Problem to work on:
Your answer should be the full data, transcribed exactly, with no pictures in it.

Data shown:
● ● ●

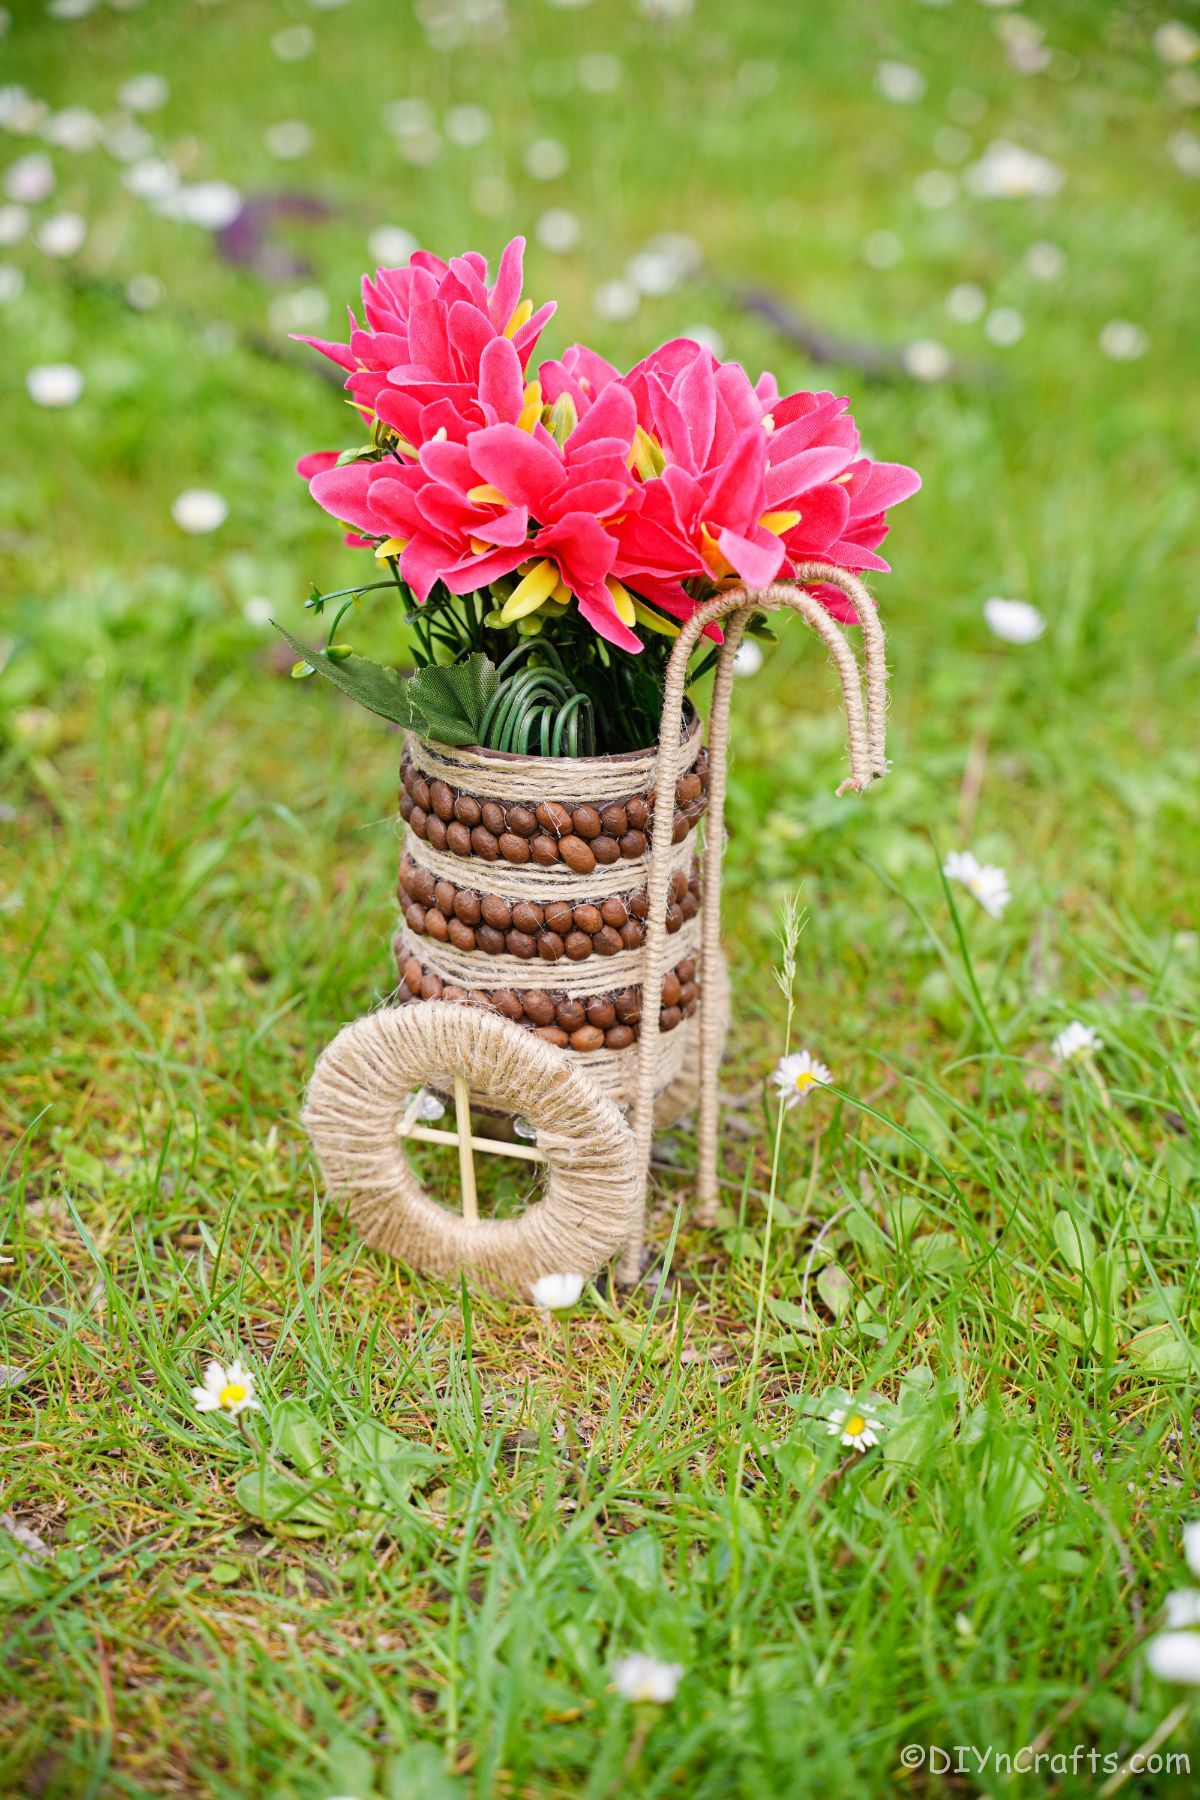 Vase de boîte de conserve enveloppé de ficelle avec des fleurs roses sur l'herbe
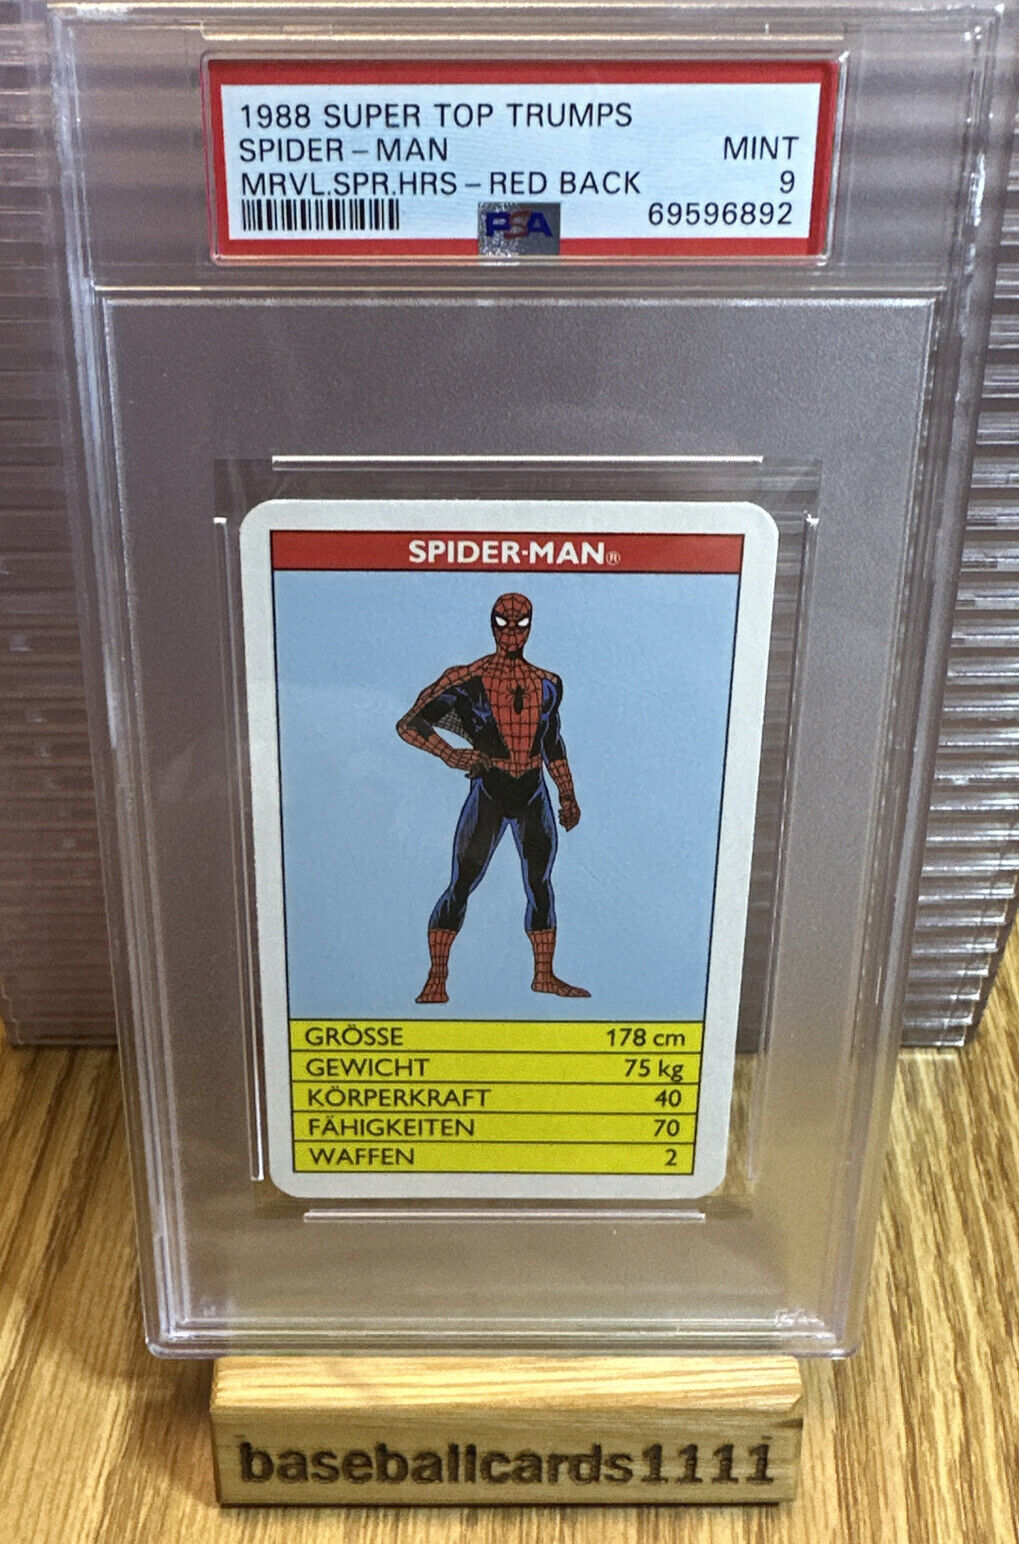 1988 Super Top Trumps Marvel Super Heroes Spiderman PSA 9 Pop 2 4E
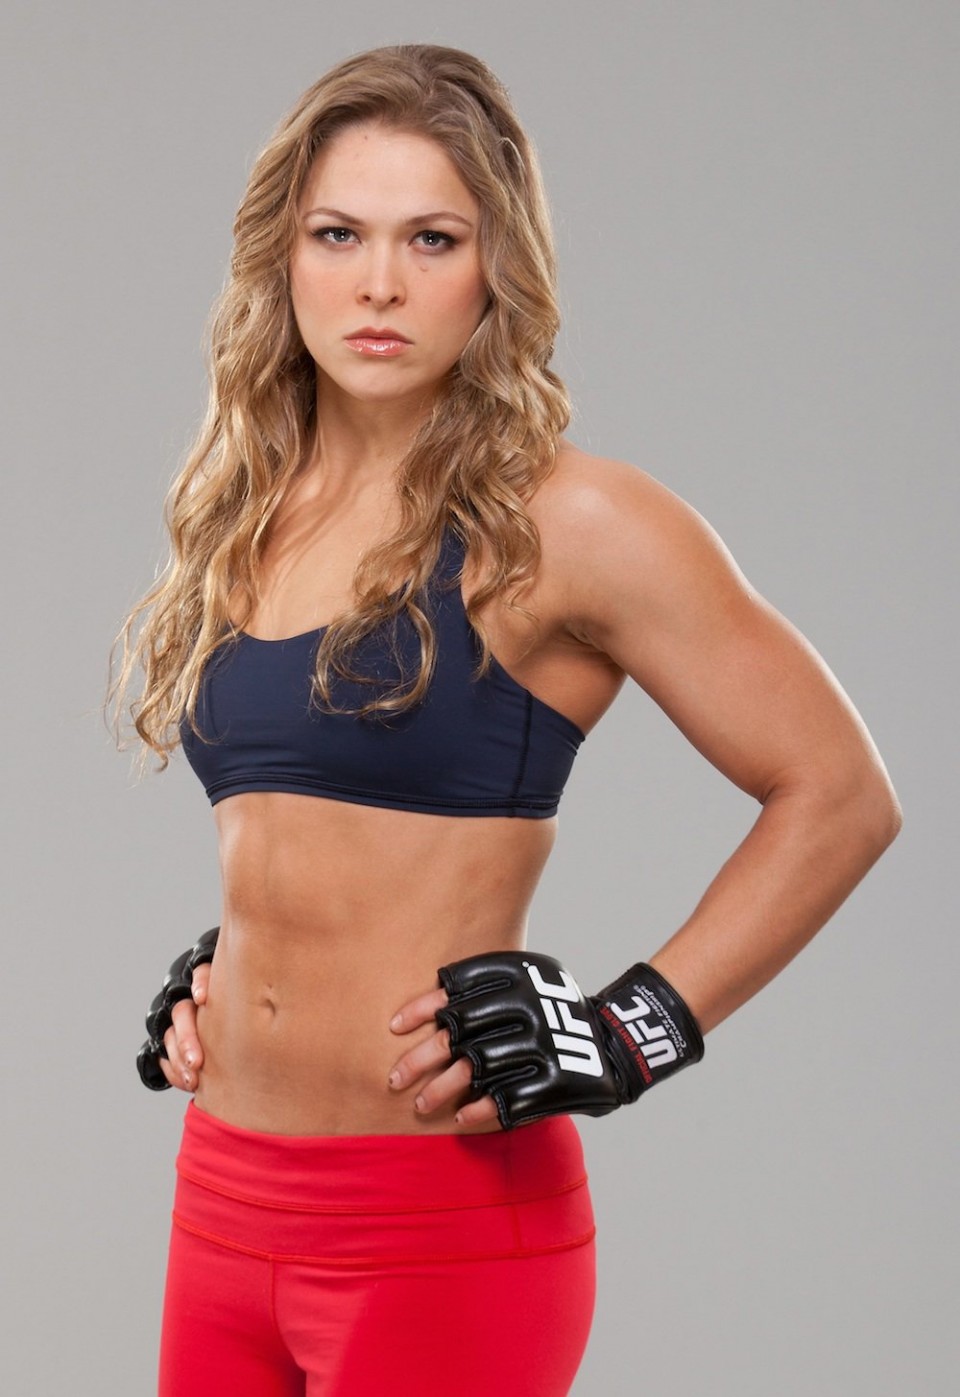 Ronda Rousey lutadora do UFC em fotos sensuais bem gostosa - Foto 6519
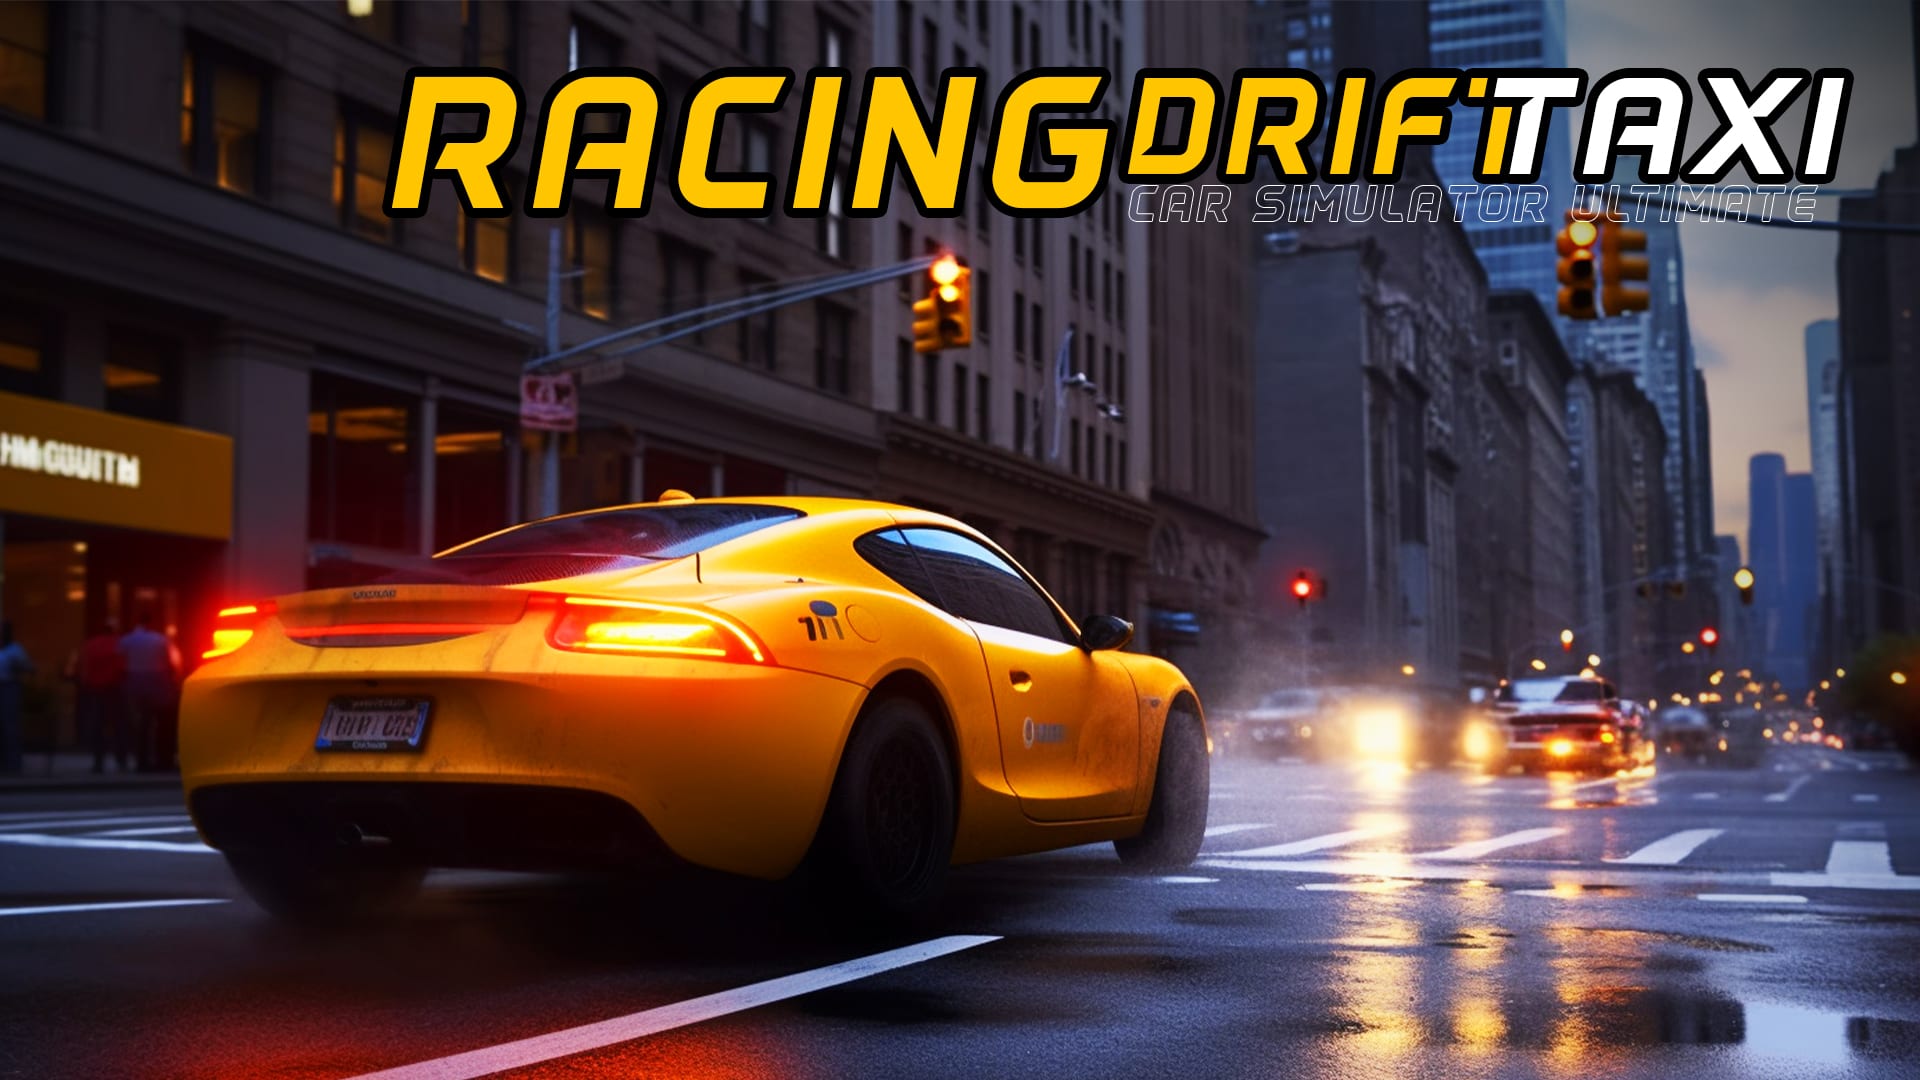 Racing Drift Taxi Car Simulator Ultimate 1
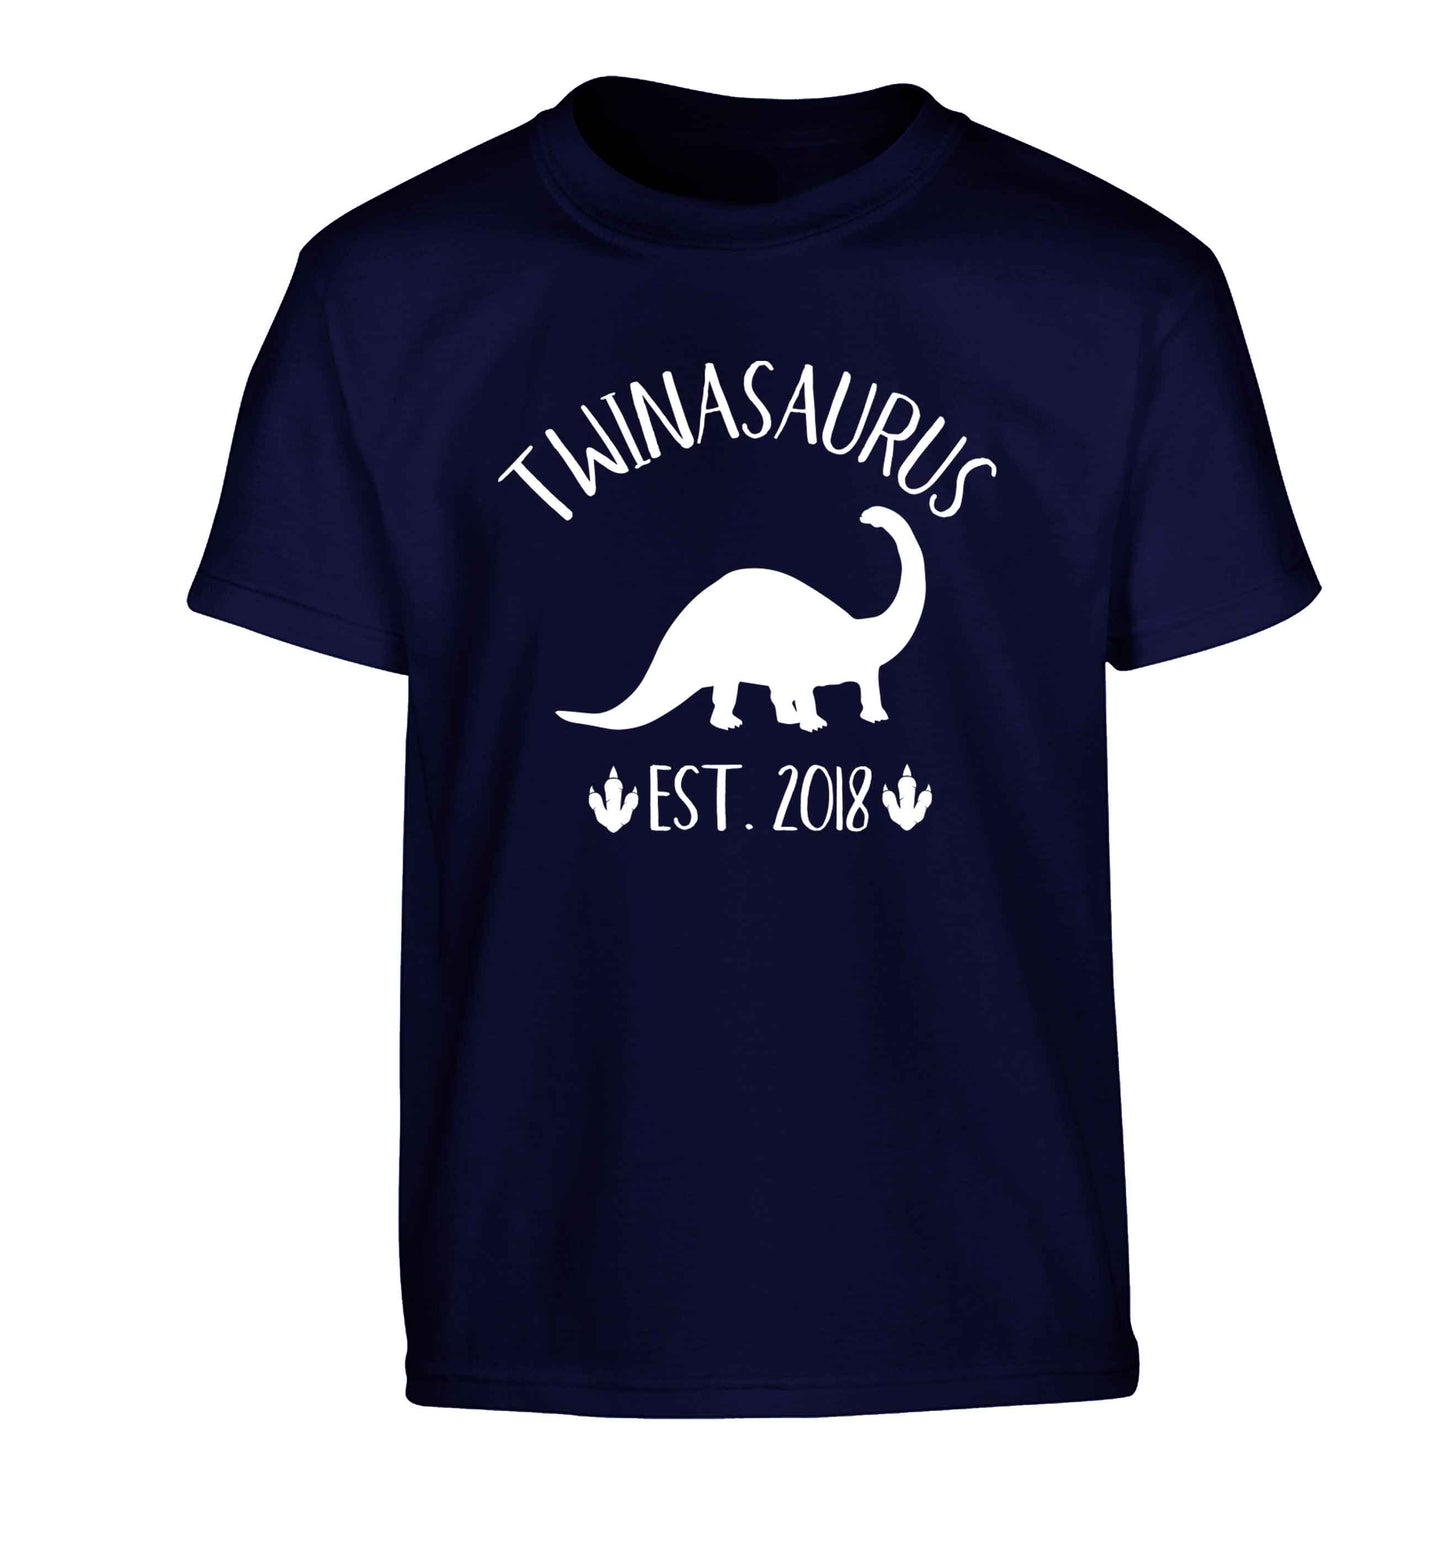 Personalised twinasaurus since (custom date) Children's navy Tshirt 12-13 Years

● ● ●

Task solution:
 Vase de boîte de conserve enveloppé de ficelle avec des fleurs roses sur l'herbe
 1988 Super Top Trumps Marvel Super Heroes Spiderman PSA 9 Pop 2 4E
 Ronda Rousey lutadora do UFC em fotos sensuais bem gostosa - Foto 6519
 Racing Drift Taxi Car Simulator Ultimate 1
 Personalised twinasaurus since (custom date) Children's navy Tshirt 12-13 Years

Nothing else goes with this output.